On thing I definitely would be interested in is to see if you are able to match any other Canadian retailers. Would definitely be a plus if you are able to do so.

Looking forward to seeing your new site come up! Should be neat to see how you stack up to other online sellers here and on the West coast.


----------



## UnderTheSea (Jun 2, 2008)

Personally I do prefer paypal when I make payments; however, what I am finding is many clients do not have paypal and want to either pay via credit card or email money.

I have had great success over the past two years shipping fedex with zero complaints. I will continue to utilize fedex shipping for perishable items and canada post for others unless an expedite is required.

It is very hard to price match live stock especially since the majority of our stock is cultured. We have not brought in any shipment of corals or rock that were from the wild to date and will continue down this path. We are unique in this aspect as many competitors in the GTA only deal with wild corals and a few species of cultured. Yes cultured are a little more $ right now, but with more sanctions and other environmental issues this is going to cut the supplies of the wild imports.

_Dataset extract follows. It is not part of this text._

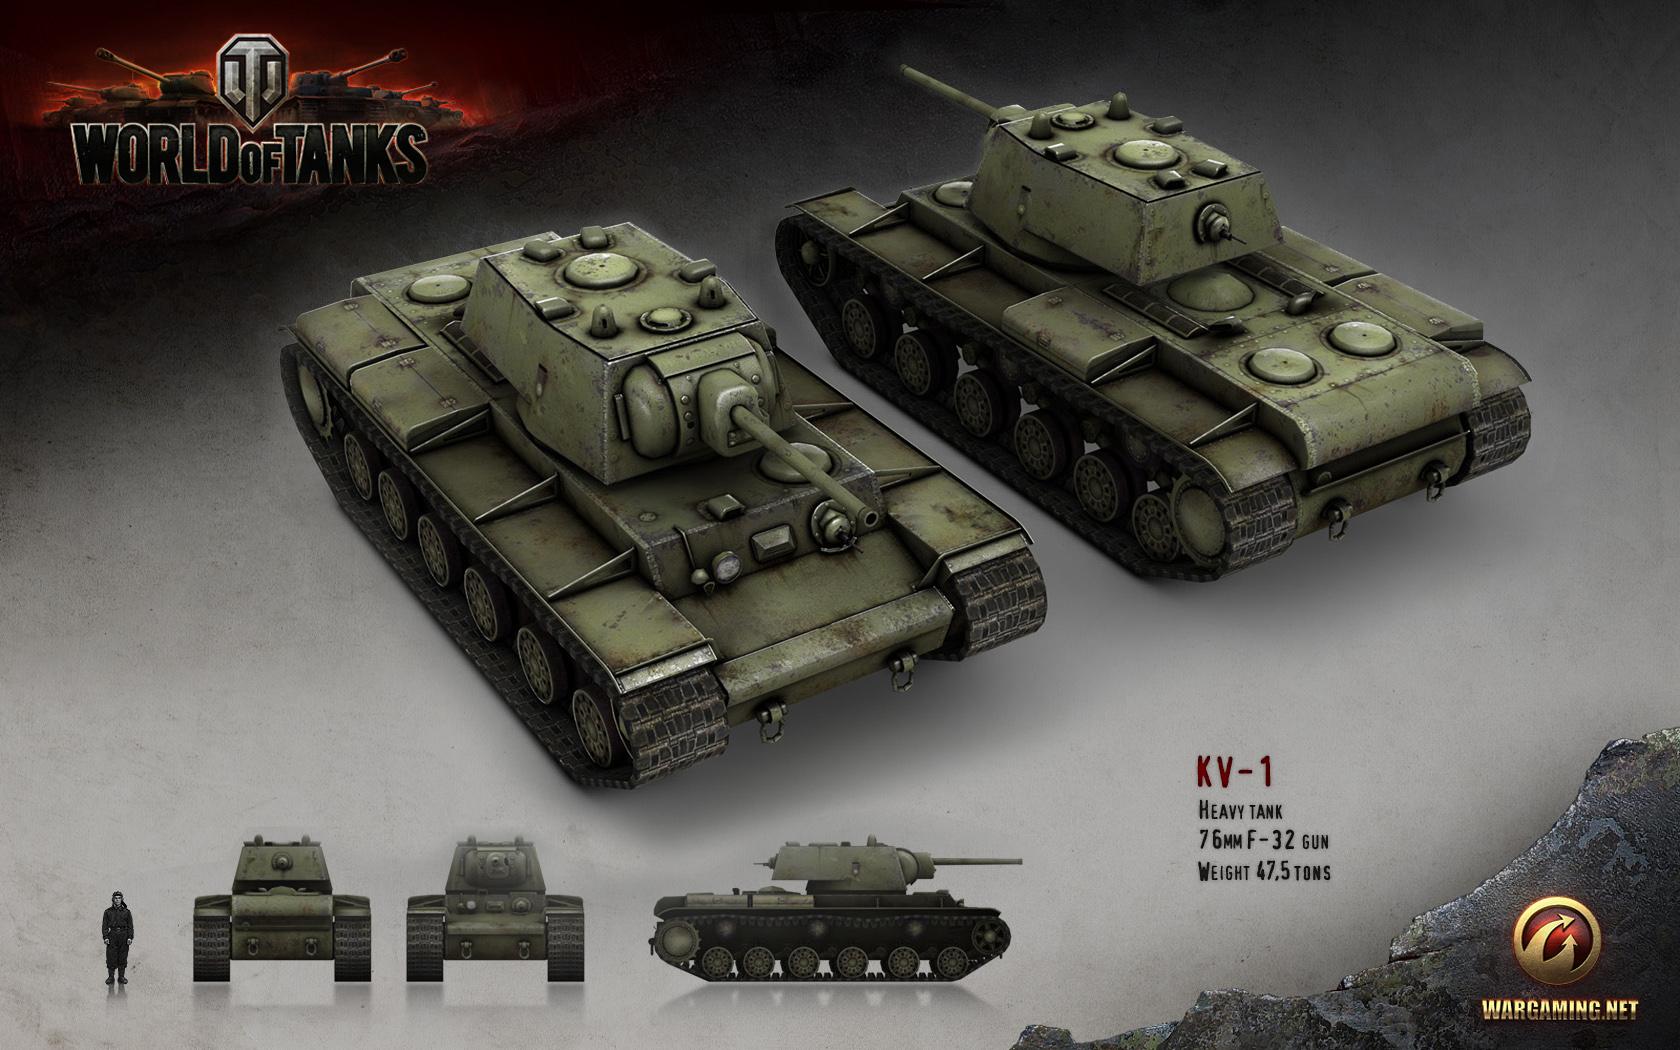 wot tier kv 1 world of tanks wot so net. Black Bedroom Furniture Sets. Home Design Ideas

As for our dry stock (food, suppliments, rock etc) we are willing to look at competitors pricing and make a judgement call on same product name, size/qty etc products. If you can find things like spaghetti rock at a better price let us know and we will investigate how to get you the same price.

We are going back to our original plan for now focusing on Aquacultured Corals and Food. We will continue to also carry bulk products like the rock, carbon, calcium chloride, vitamin c and GFO.

Note: Bulk Vitamin C is due in this week and our next shipment of GFO is in two weeks.


----------